PROBLEM TO WORK ON =
Copy out the listing that follows, exact in every word, and skip the images.

DATA EXCERPT =
════════════════════
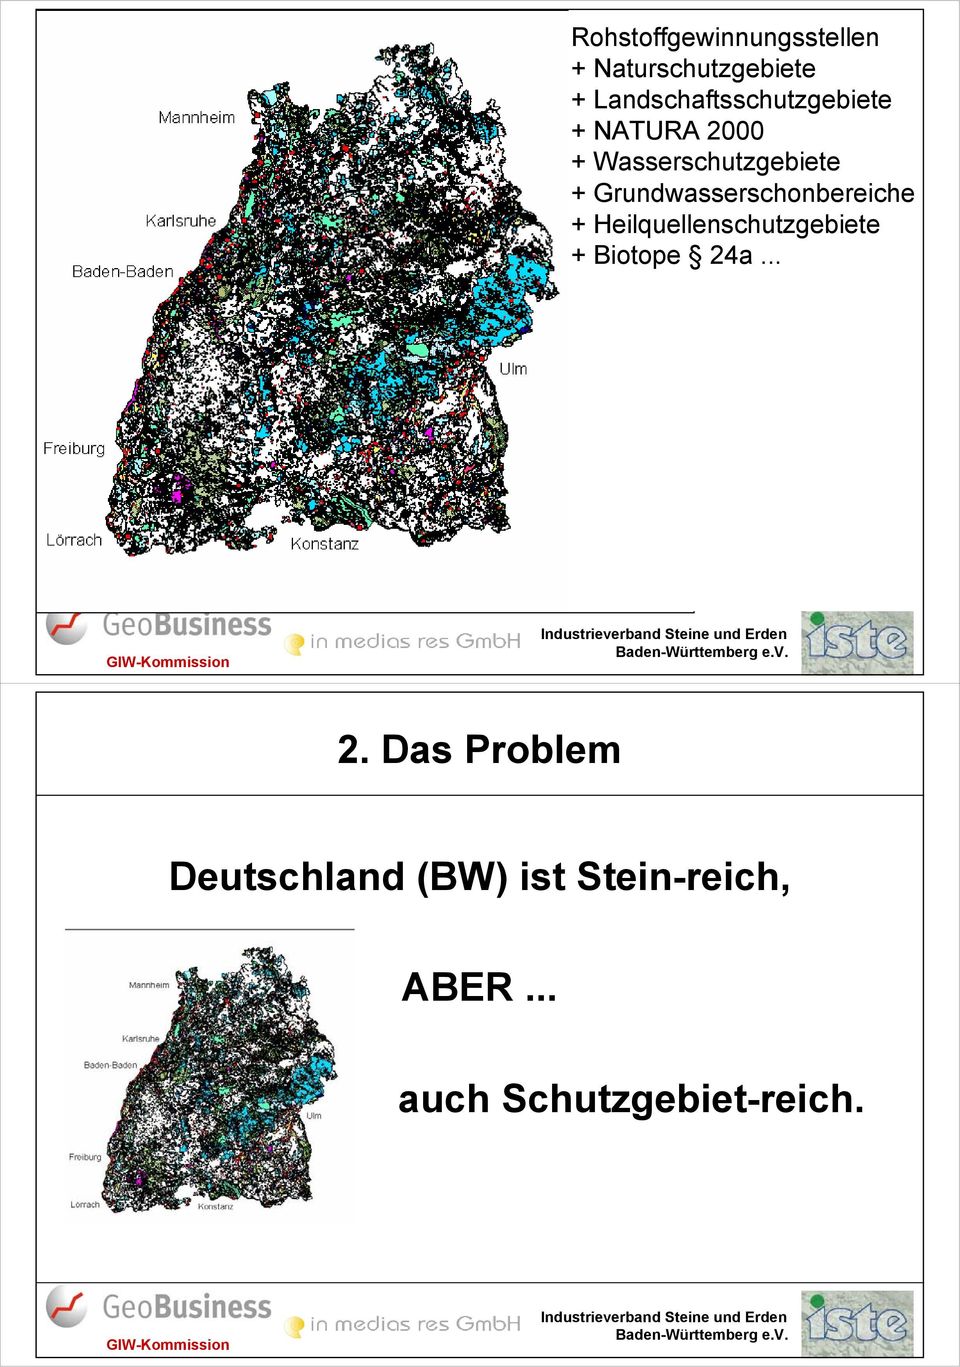 Grundwasserschonbereiche + Heilquellenschutzgebiete + Biotope 24a.
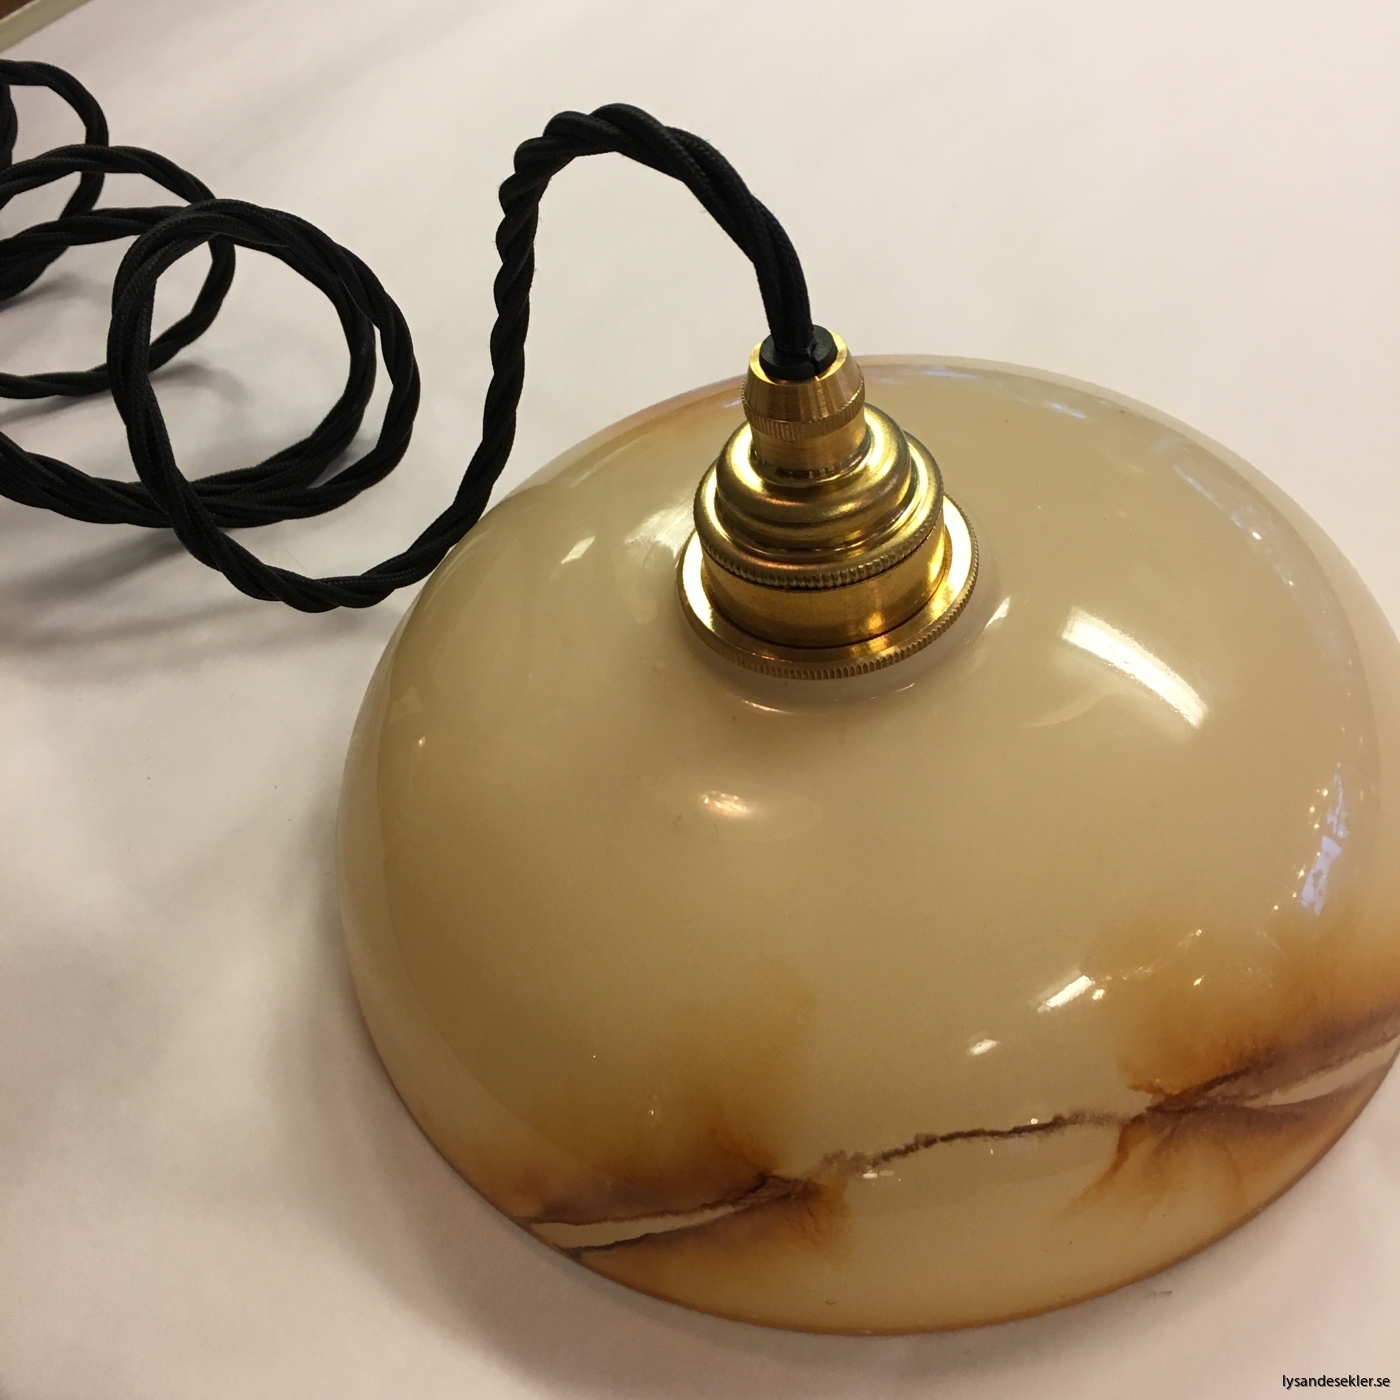 tygsladd textilssladd lampupphäng med 2 ringar utan skruvar för skärm eller glödlampa (8)
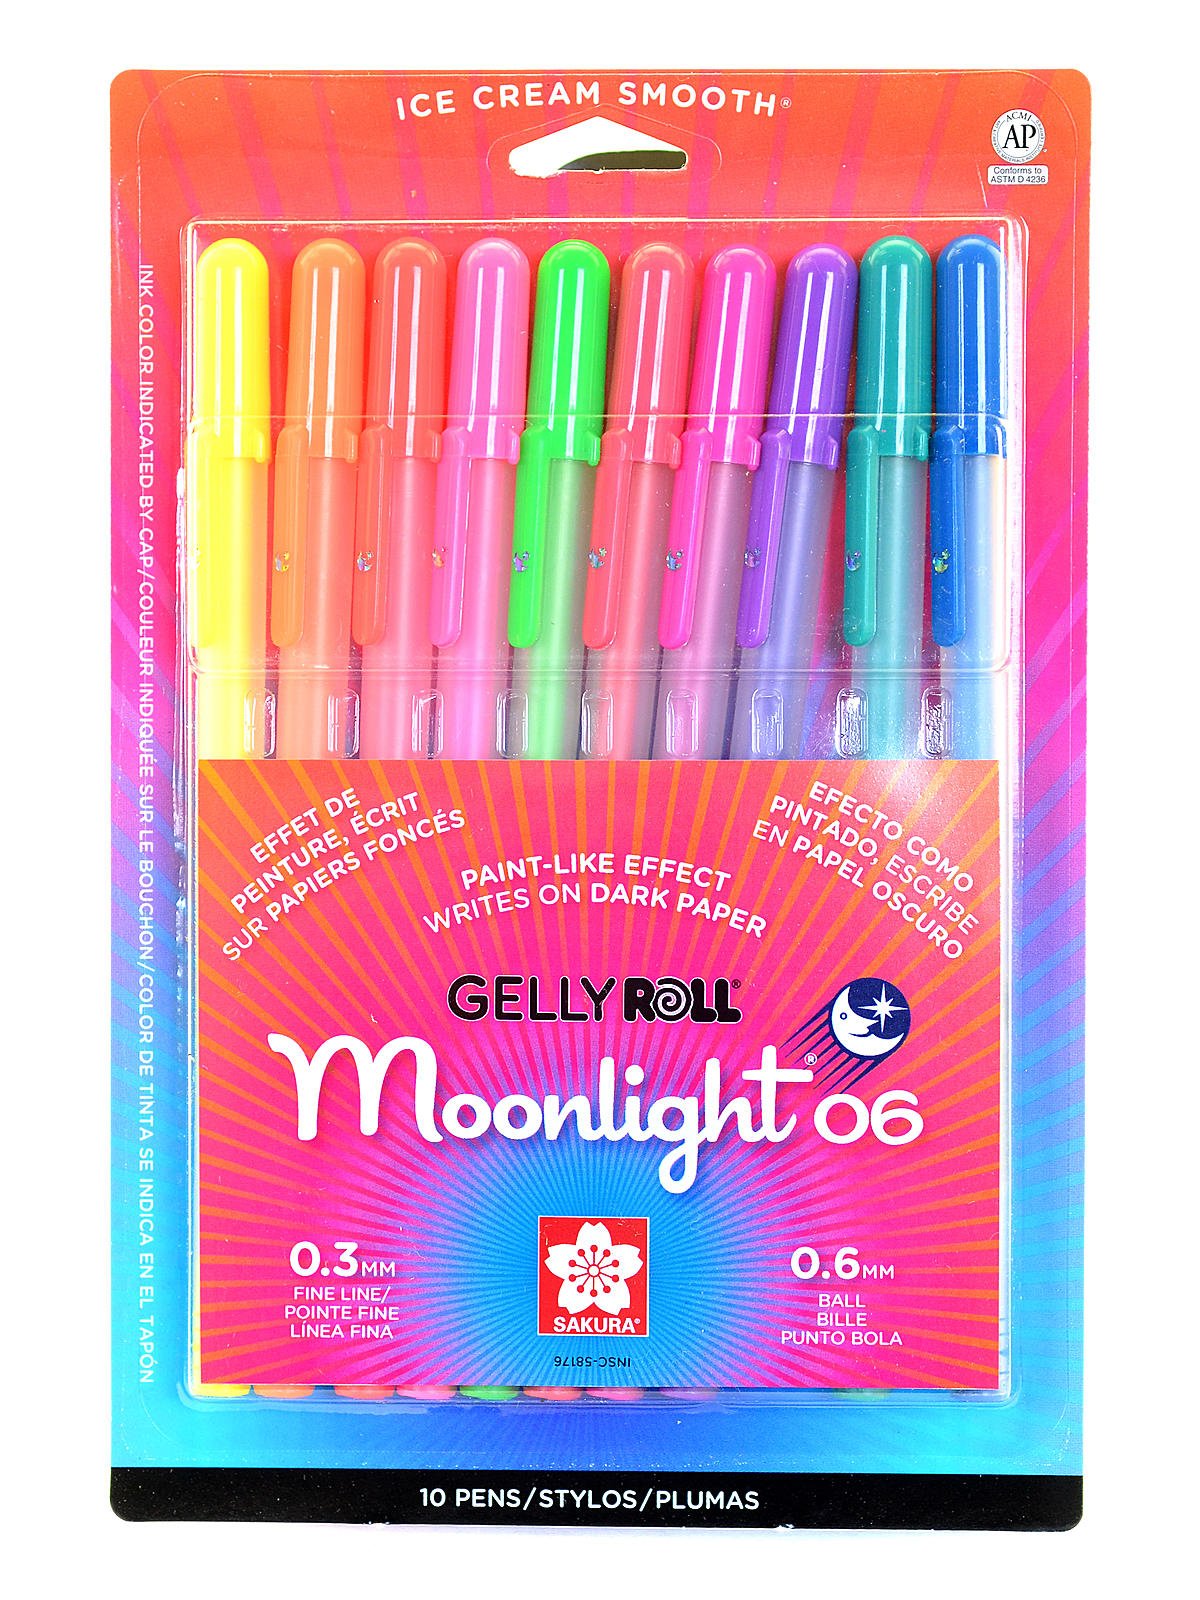 Sakura Gelly Roll 06 Moonlight Gel Pen 0.3mm Ultramarine
════════════════════
SOLUTION BELOW =
 Grundwasserschonbereiche + Heilquellenschutzgebiete + Biotope 24a.
 tygsladd textilssladd lampupphäng med 2 ringar utan skruvar för skärm eller glödlampa (8)
 Sakura Gelly Roll 06 Moonlight Gel Pen 0.3mm Ultramarine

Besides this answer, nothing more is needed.